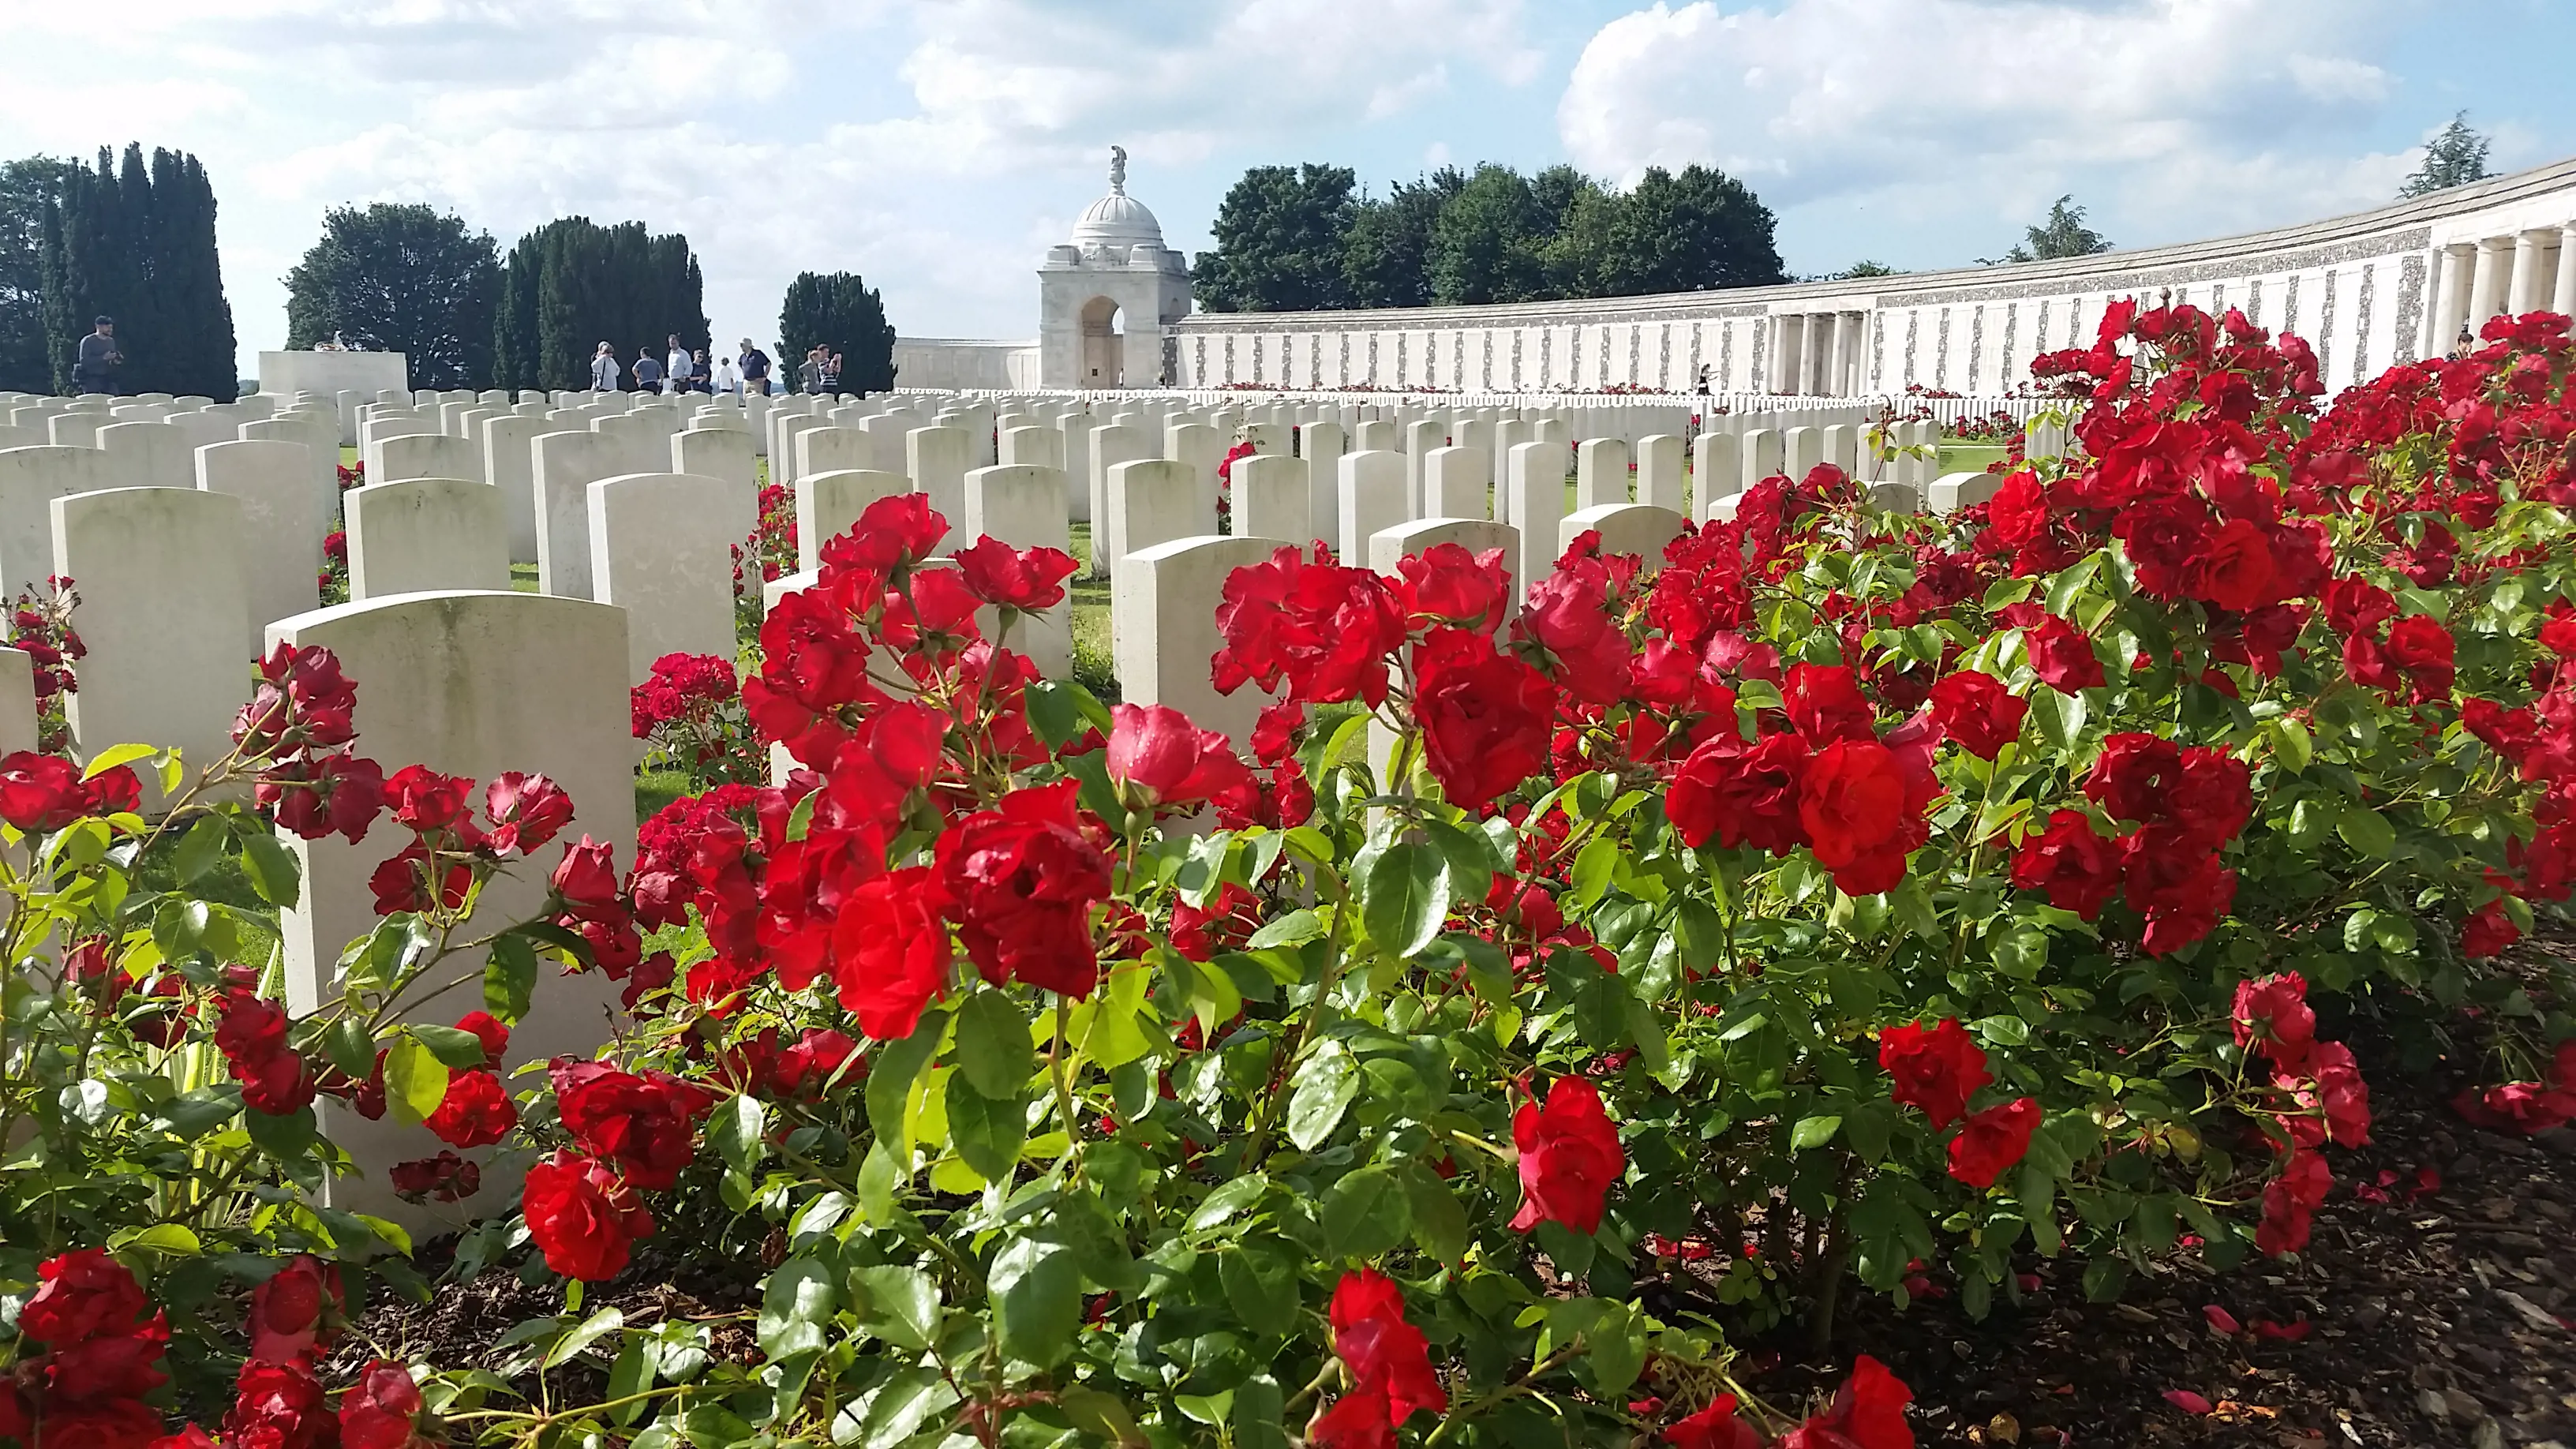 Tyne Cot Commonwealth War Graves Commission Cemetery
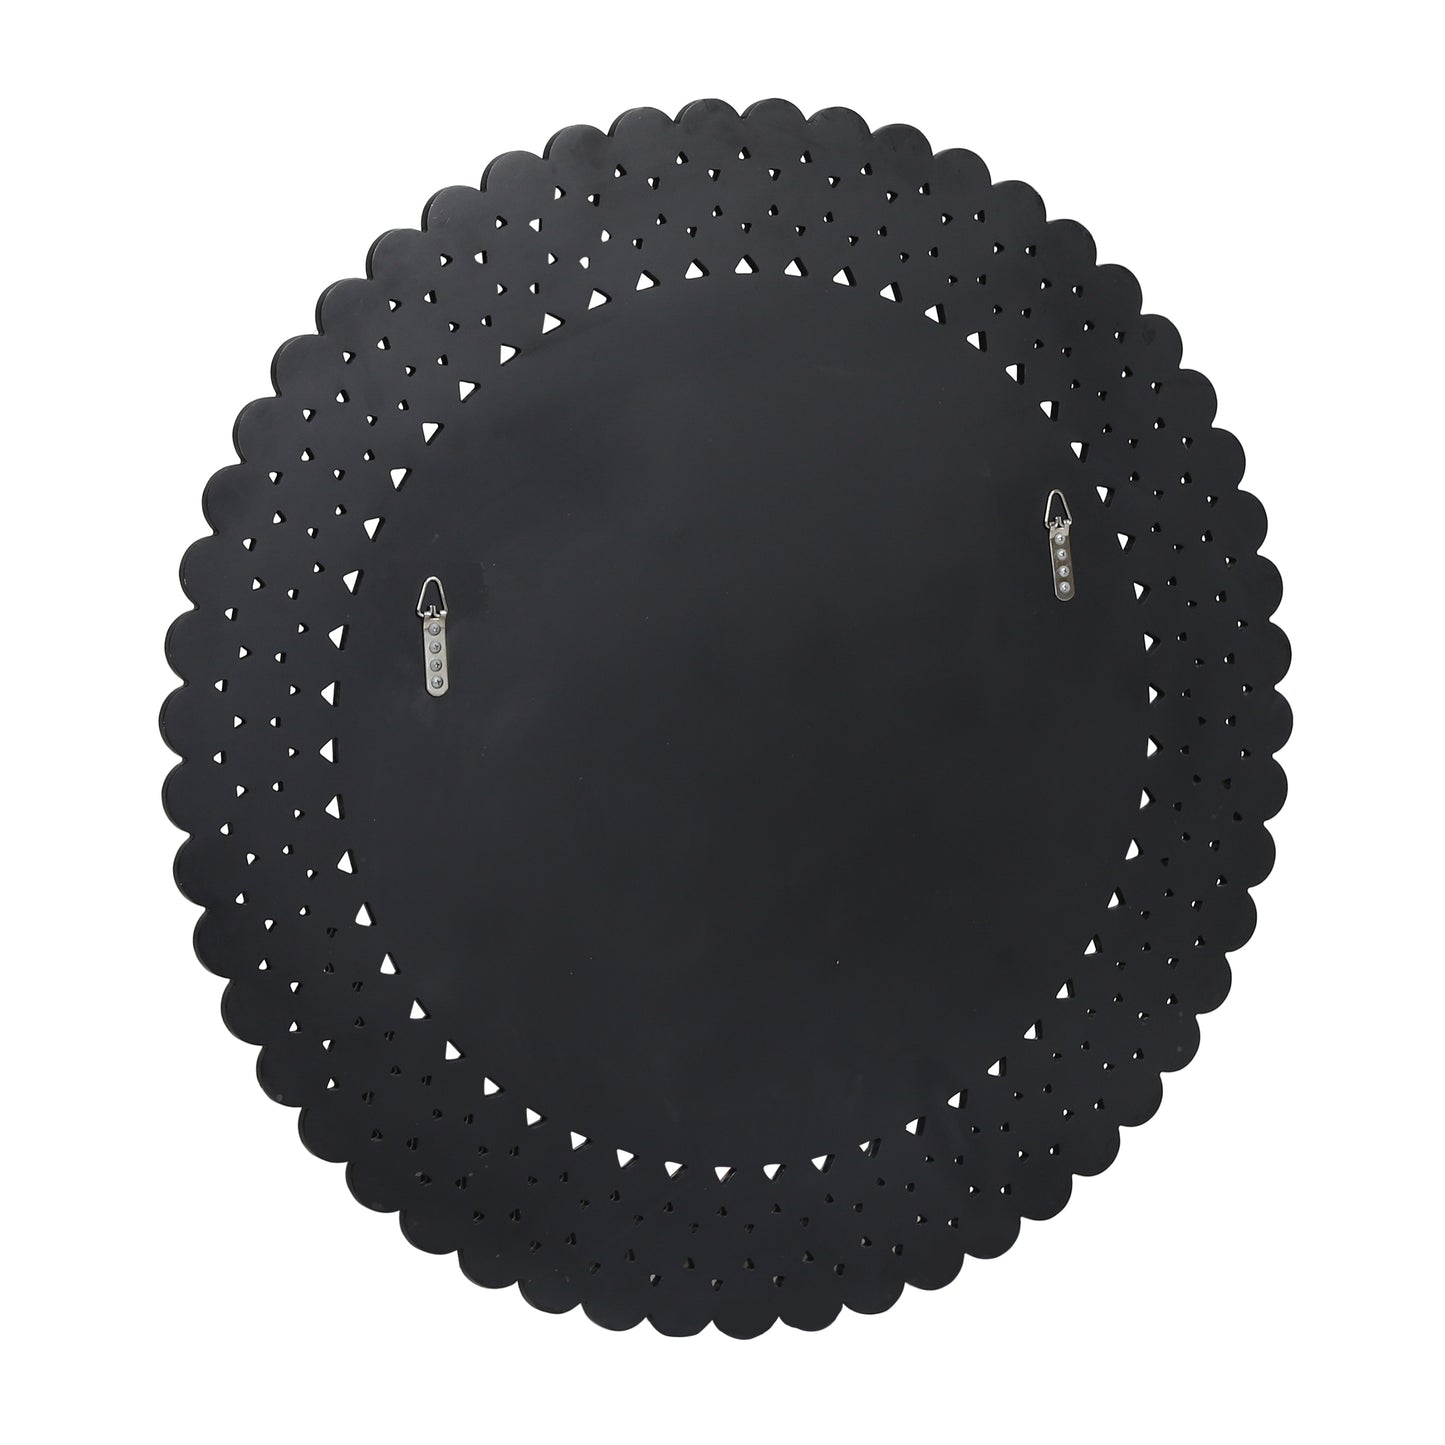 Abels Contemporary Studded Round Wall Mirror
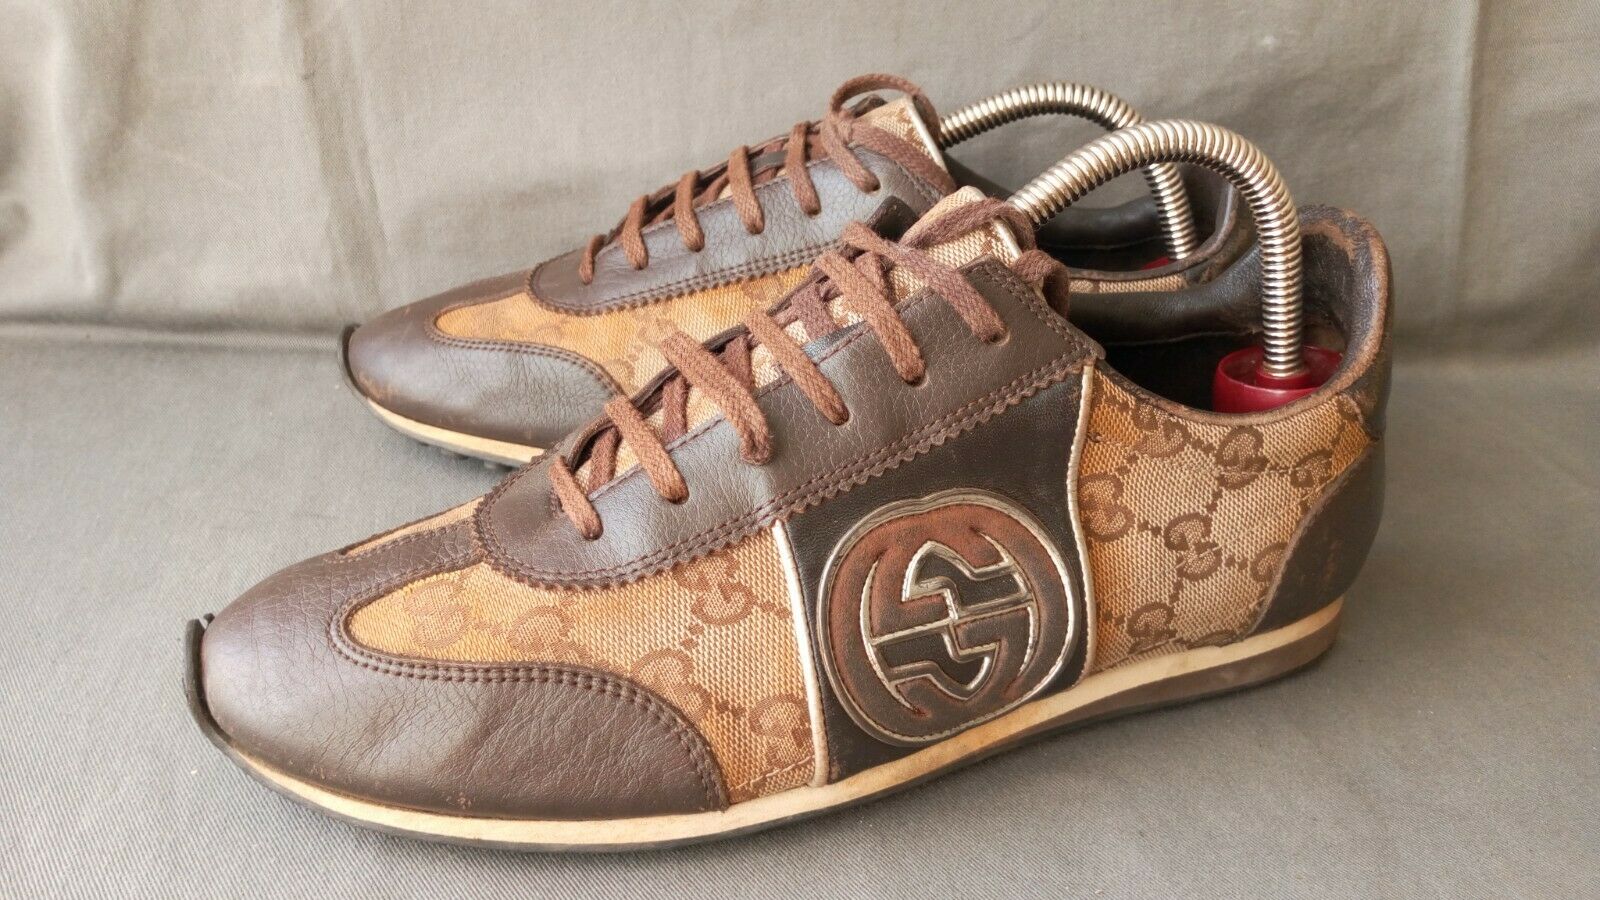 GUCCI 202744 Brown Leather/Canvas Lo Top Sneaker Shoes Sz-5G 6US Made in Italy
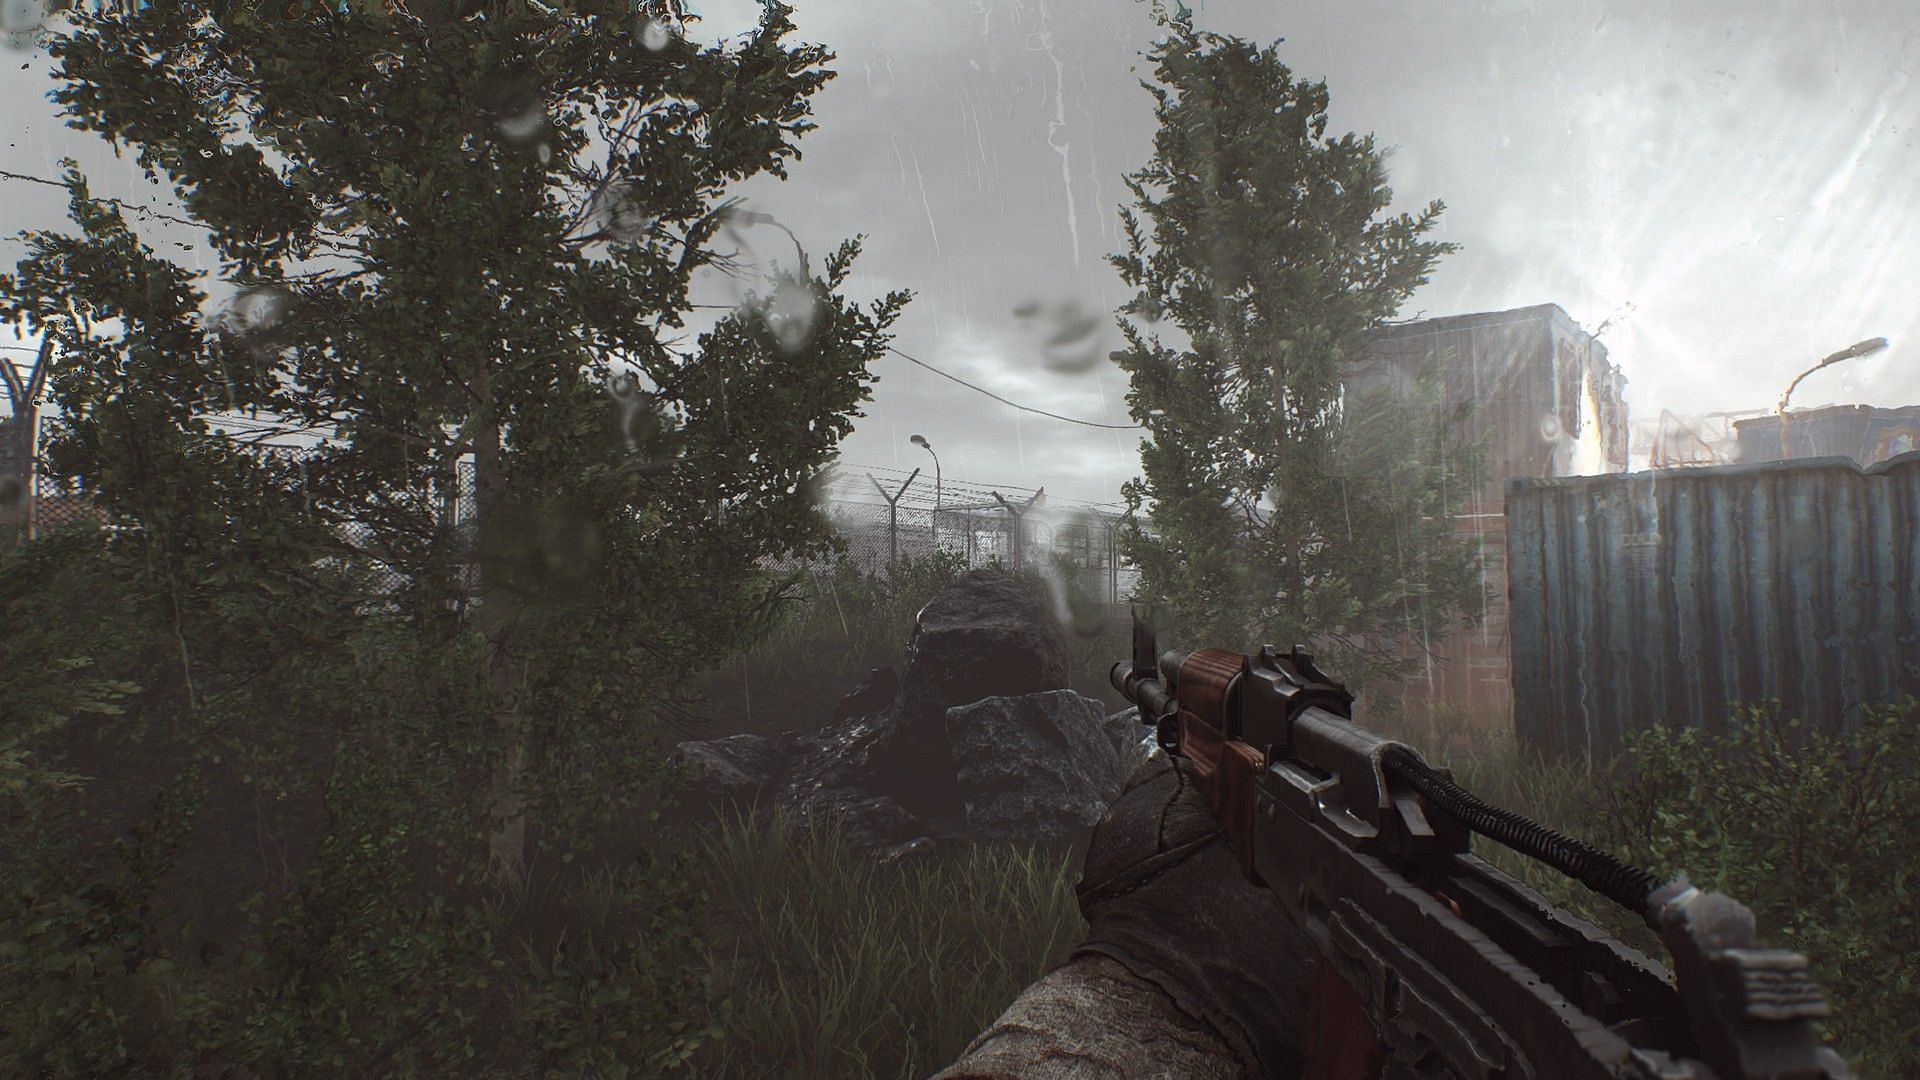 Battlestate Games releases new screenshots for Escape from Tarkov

* _TASK REQUIREMENTS_
If the data includes images, skip them and copy every line exactly.

* _OUTPUT OF THE EXERCISE_
 Tyne Cot Commonwealth War Graves Commission Cemetery
 Abels Contemporary Studded Round Wall Mirror
 GUCCI 202744 Brown Leather/Canvas Lo Top Sneaker Shoes Sz-5G 6US Made in Italy
 Battlestate Games releases new screenshots for Escape from Tarkov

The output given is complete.